Yeah, Russ really didn't make this unbiased.  We needed a poll of some sort, true, but Russ could've done something that wasn't so blatantly weighted in our favor.  It's like asking, "Do you A) like the dictator, or B) think Godzilla is your next door neighbor?"  Most people would pick A.

I personally think we're /fairly/ innovative, but we don't have enough of a presence online.  I swear, if I could, I would make sure there were sample chapters up for every book we sell, and we'd have regular, official web enhancements.  But it's hard to do that kind of stuff alone, y'know?


----------



## Capellan (Jul 14, 2004)

Market leader: in terms of sales, this at least I have to give you.
Hiqh quality: Not consistently.  Steam and Steel is great.  Gnomes: Masters of Illusion is not.
Good, friendly staff: Not unfriendly, but don't know them well enough to say more.
Innovative: enough that I ticked it, though I was including some of the pre-EN Pub Ambient products in the analysis.
Reliable and honest: Honest, yes, reliable, no.
Diverse range: Not a big enough range to be diverse, yet.


----------



## RangerWickett (Jul 14, 2004)

Just curious why people feel we're not reliable.  I'll be the first to admit that our schedule is haphazard, but what would you expect from a company for it to count as 'reliable'?


----------



## Capellan (Jul 14, 2004)

Remember, you asked 

To be "reliable", a publisher should:

* respond to e-mails, PMs and posts on their message boards promptly and accurately.  My personal experience with ENPub has been that responses come only after repeated prodding, and extensive delays.  If at all.

* clearly establish a release schedule, stick to it as much as possible, and proactively report delays.  This means not announcing products that don't show up for months and months (EN Arsenal, anyone?)
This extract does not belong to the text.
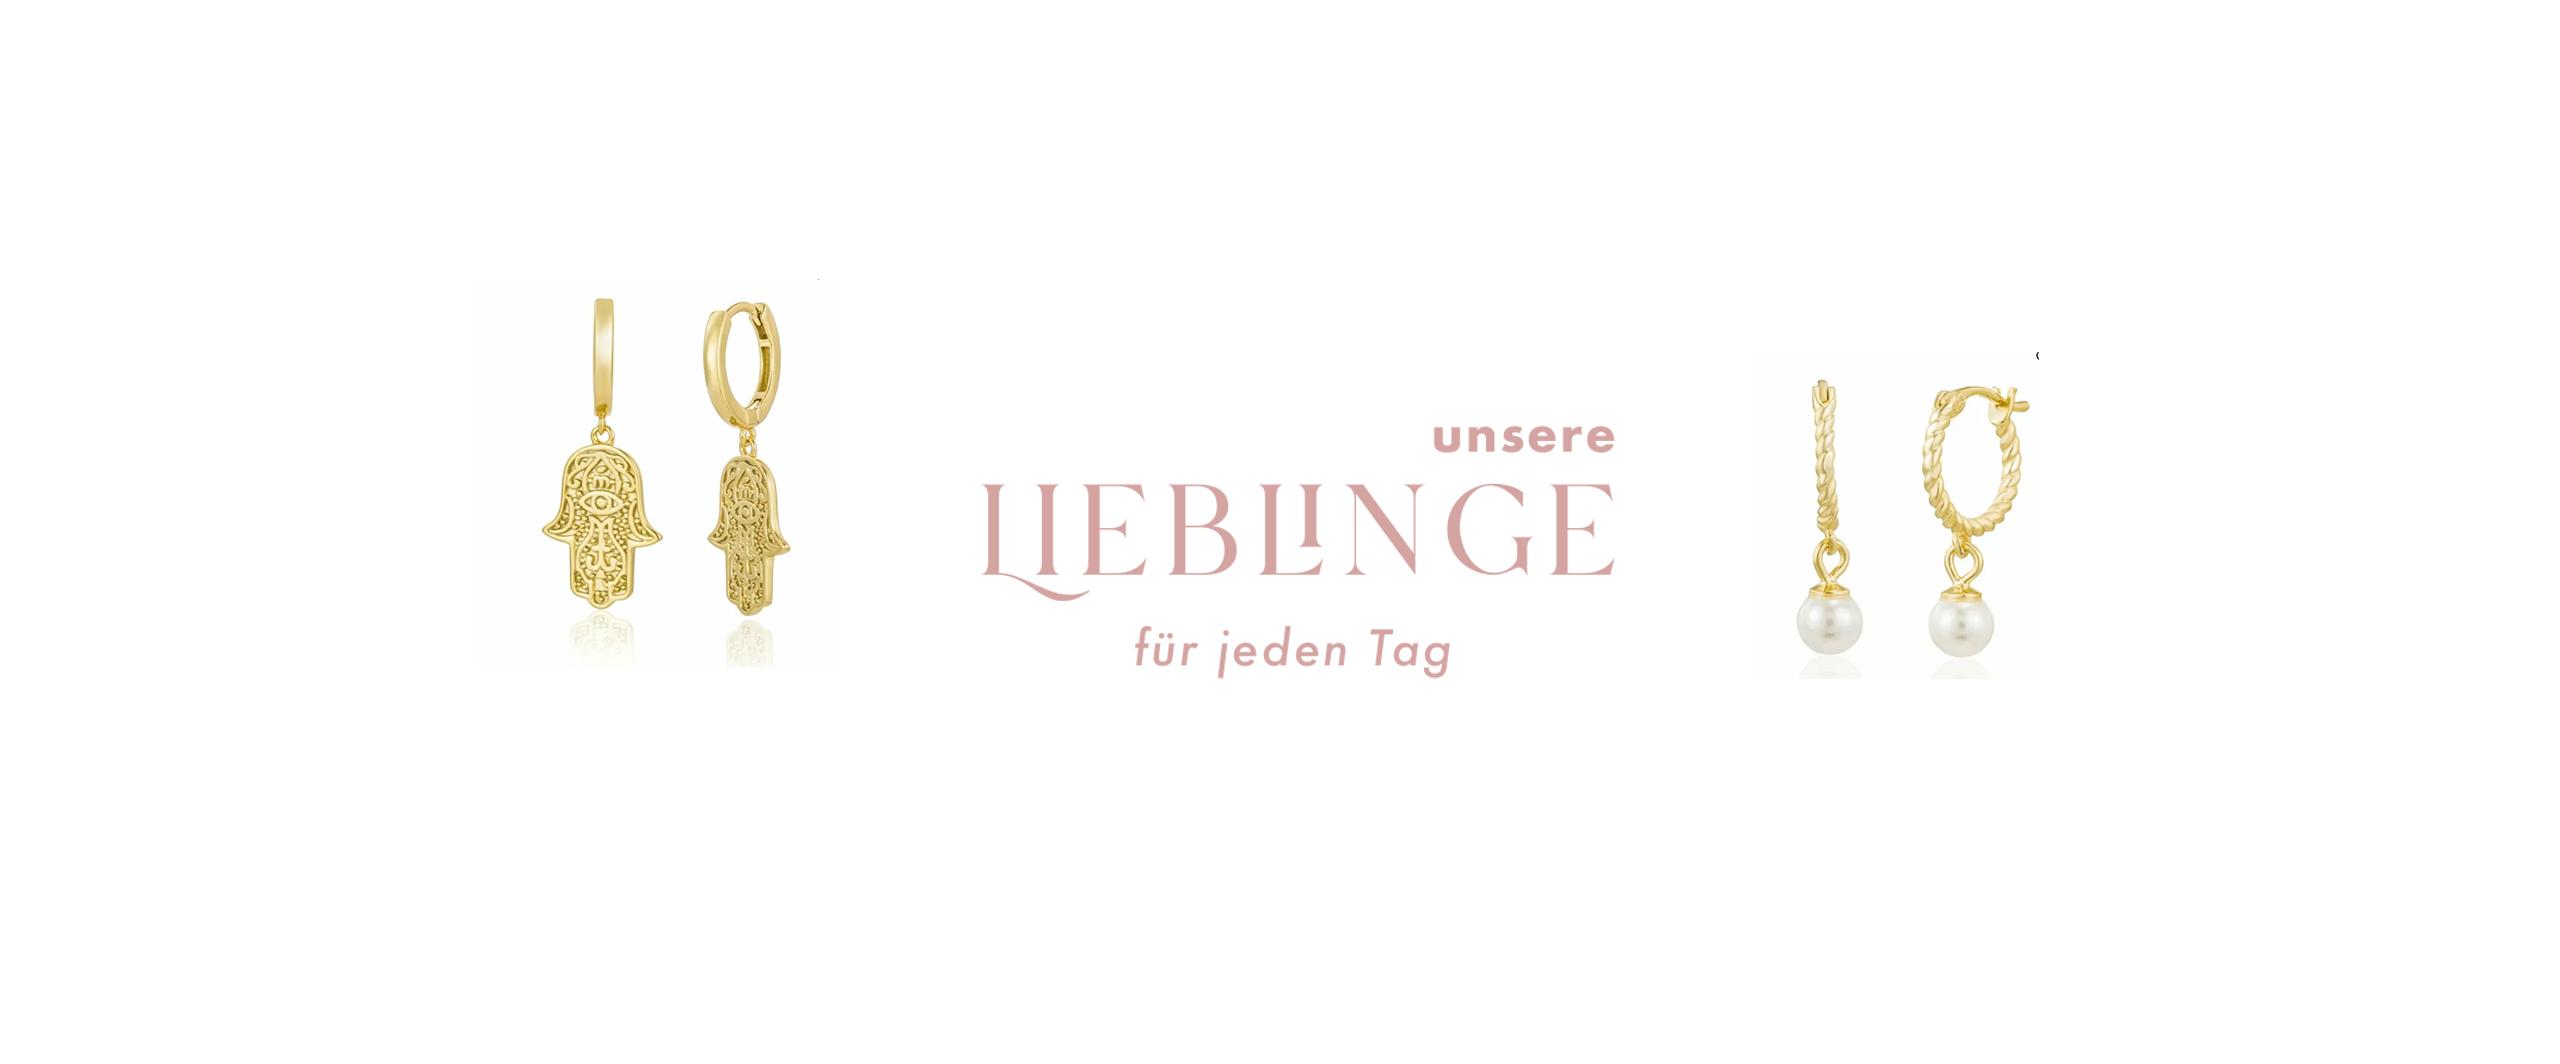 lieblinge-jedentag2

* establish and maintain at least some level of content checking.  There have been some grossly misbalanced feats, spells and prestige classes in EN Pub works (Dark Quest Games are primarily responsible) - and I'm talking misbalanced to the point that even a casual read-through makes them obvious

That ought to do for a start.


----------



## RangerWickett (Jul 14, 2004)

Capellan said:
			
		

> Remember, you asked




Indeed I did.  Thank you, David, for your candor.  I'll see what I can do to address these issues.


----------